We know that the hippocampus is a key part of the brain, responsible for processing short-term memory of everyday facts and names and storing them in long-term memory. In a “healthy” brain the hippocampus works well. But when the hippocampus begins to fail, “senior moments” start to occur.
Both of the following neuroscience studies suggest that hyperactivity in the hippocampus raises the risk for AD and mild cognitive impairment, but for different causes.

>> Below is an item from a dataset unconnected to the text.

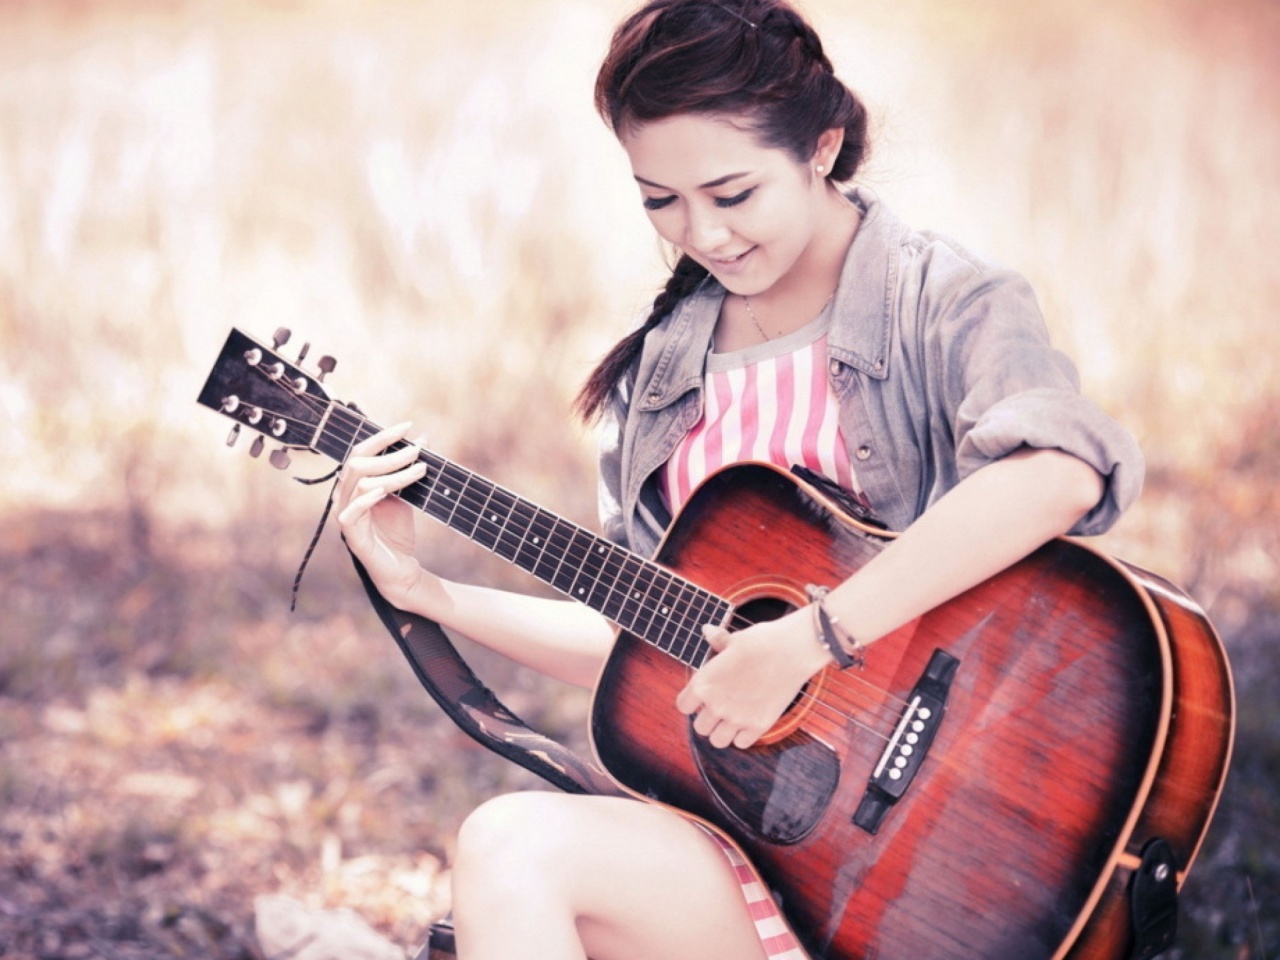 Chinese girl with guitar wallpaper 1280x960
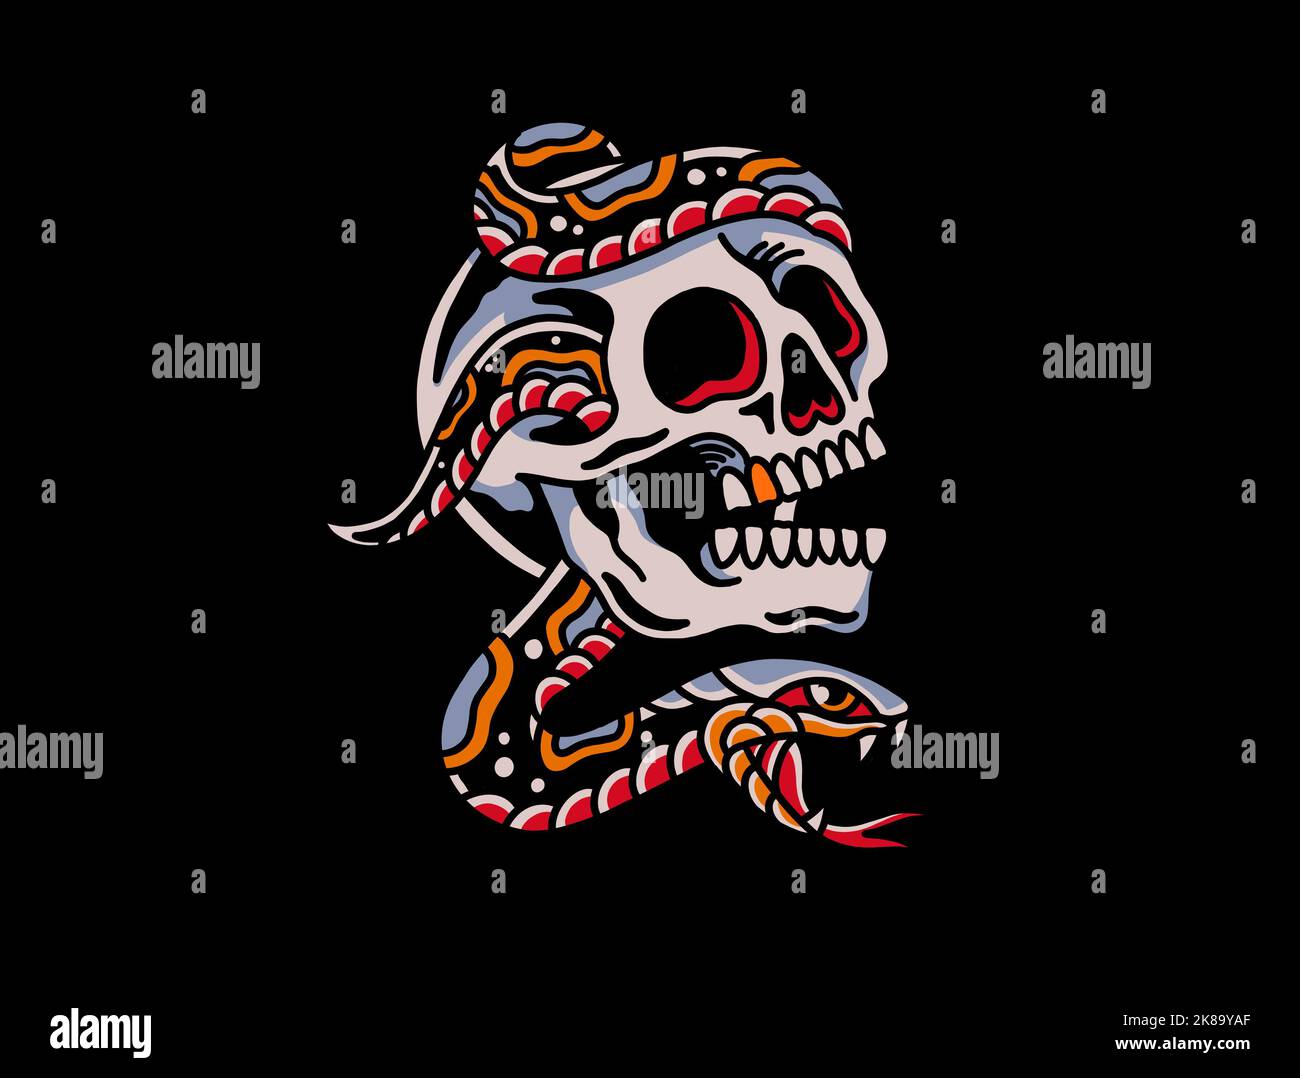 Old school traditional tattoo inspired cool graphic design illustration human skull with snake for merchandise t shirts stickers wallpapers Stock Photo

Researchers at Tel Aviv University have linked this hyperactivity to an insulin-like growth factor called IGF-1R, “an important contributor” to the abnormality, Dr. Slutsky reported. She suggested that an inhibitor of IGF-1R, already being developed for cancer, be tested for reducing hyperactivity in the hippocampus to treat patients in early stages of AD.
A related study, this time from researchers at University of Southern California, focused on norepinephrine, believed to protect neurons from inflammation and excessive stimulation by other neurotransmitters that accelerate AD. In this case, unlike IGF-1R, norepinephrine is good for the brain, increasing activity by raising levels of attention, memory, and cognition.
And we can control our level of norepinephrine! Our mentally challenging activities stimulate the release of norepinephrine from the locus coeruleus in the brainstem. We are capable of building cognitive reserve or effective brain performance throughout our lives, even in later life and “despite approaching pathology,” according to Mather, the author.